→ **Information shown**

Content starts

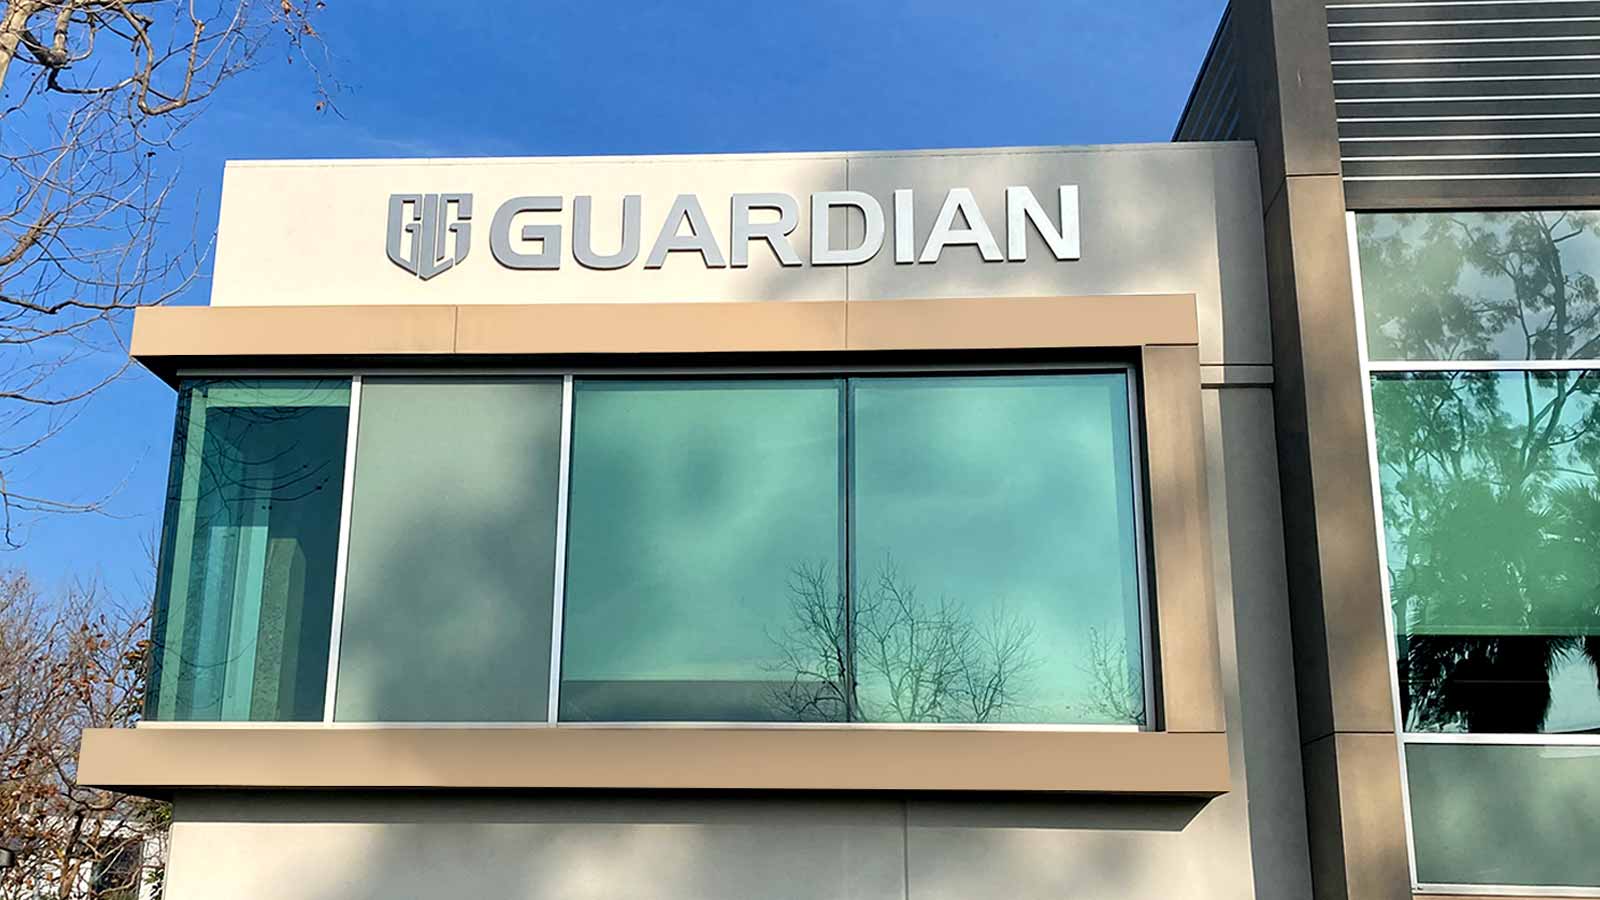 guardian litigation group building sign mounted on a facade
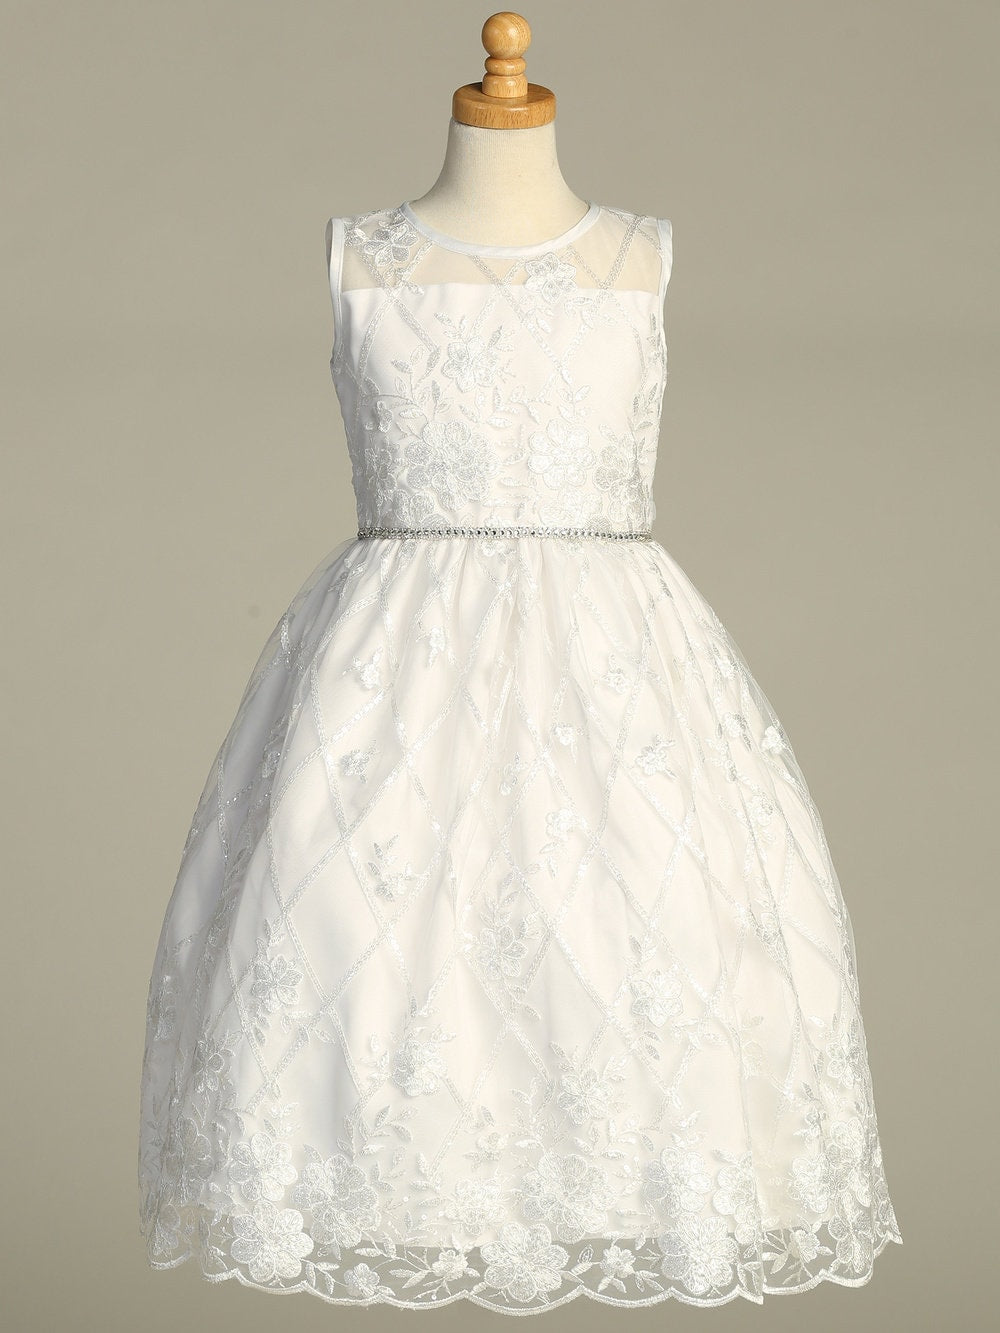 Back view of the First Communion Dress showing the zip fastening and bow tie at the back.
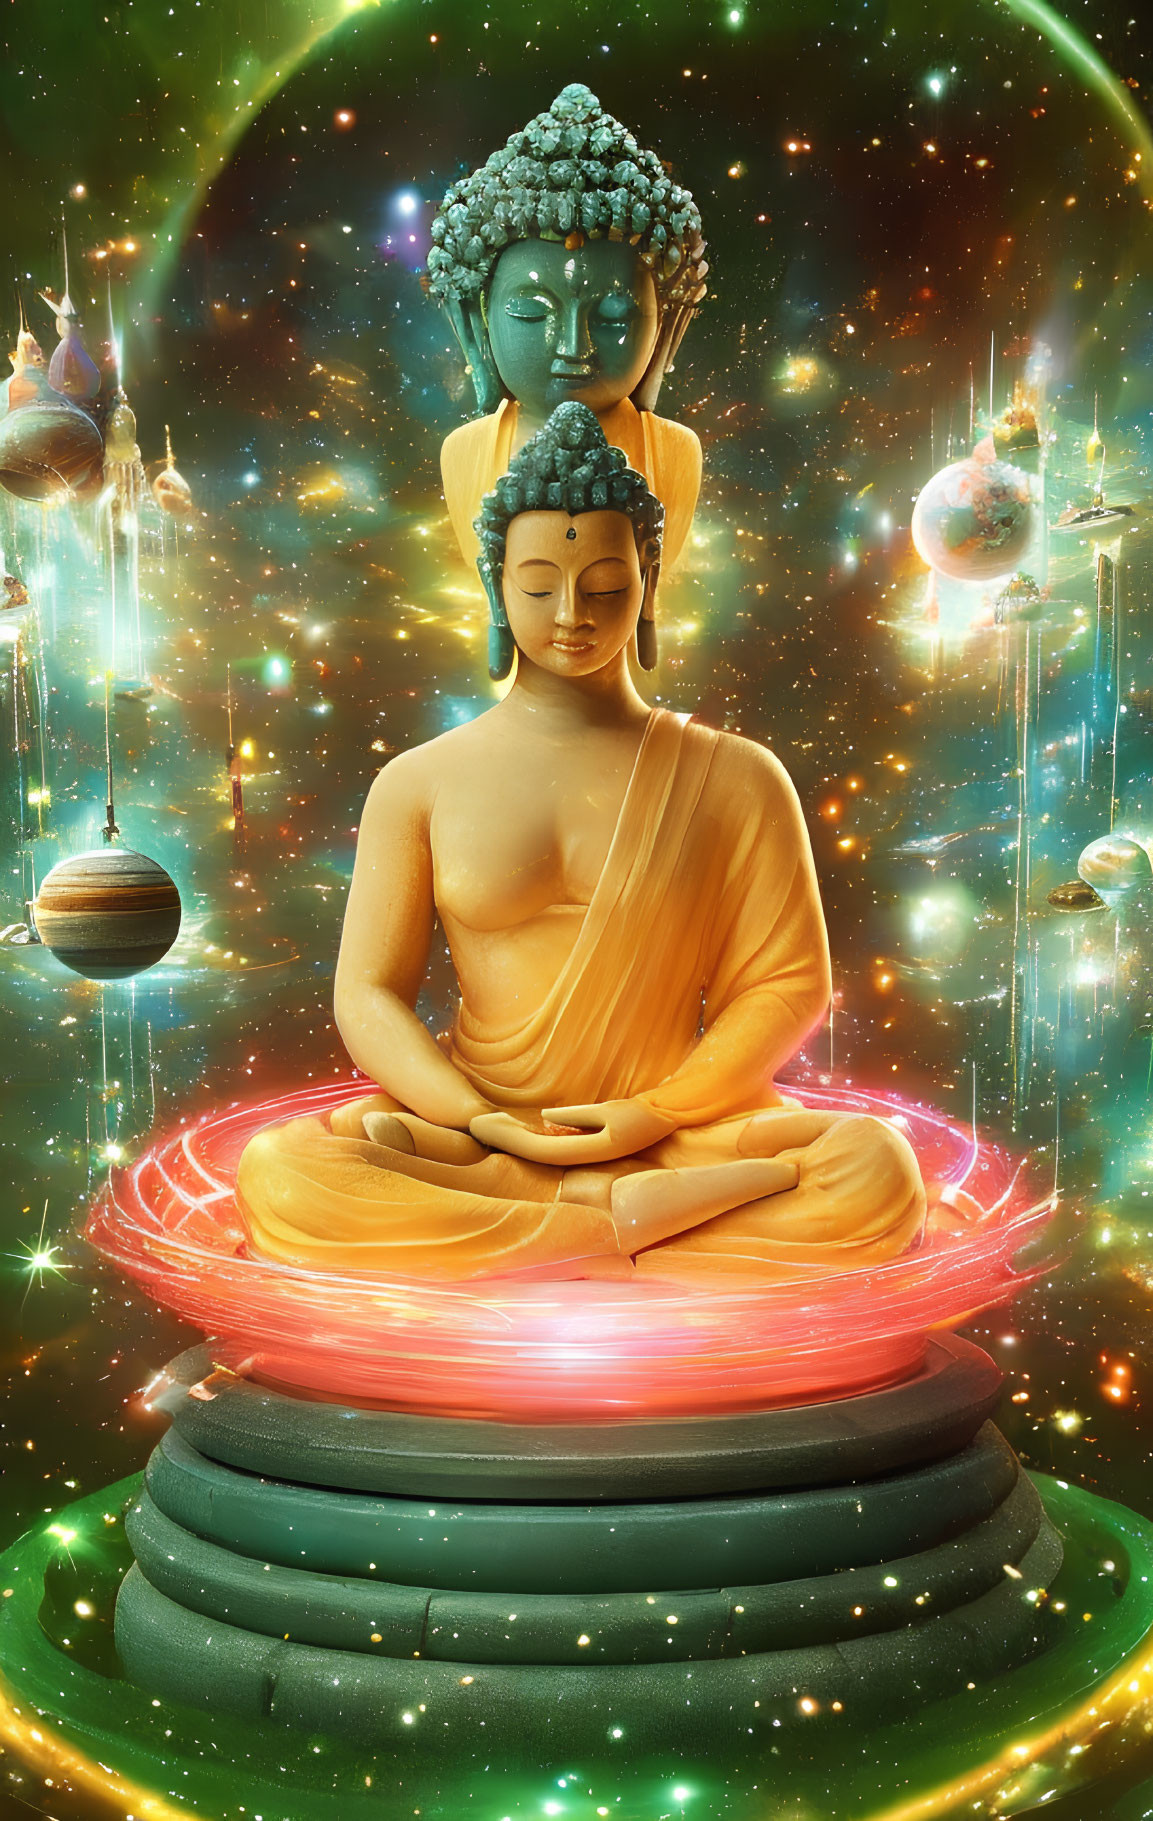 Two Buddha statues in meditation against cosmic backdrop
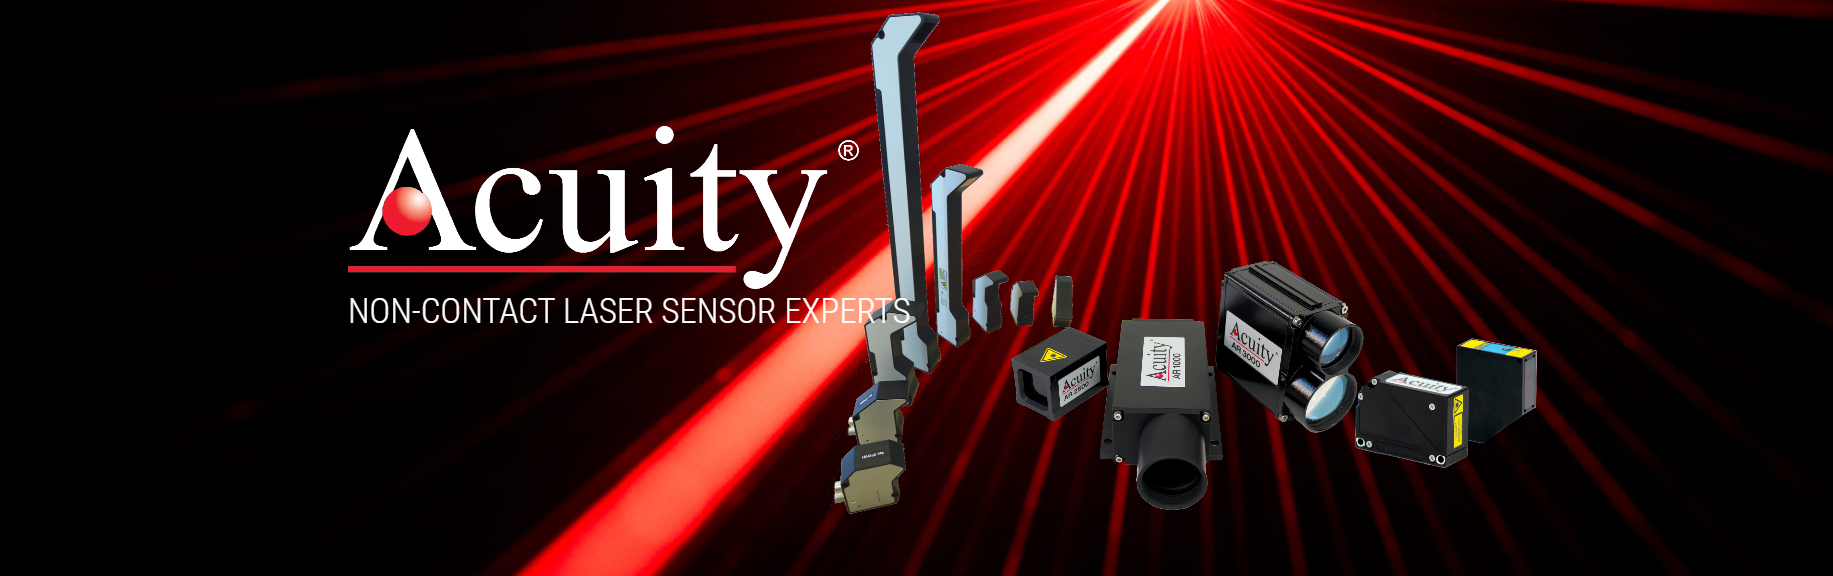 Acuity Laser

Content ends

→ **Aim of the exercise**
Repeat the data in full, exactly as it stands, but drop every picture.

→ **Exercise answer**
 guardian litigation group building sign mounted on a facade
 Back view of the First Communion Dress showing the zip fastening and bow tie at the back.
 Two Buddha statues in meditation against cosmic backdrop
 Acuity Laser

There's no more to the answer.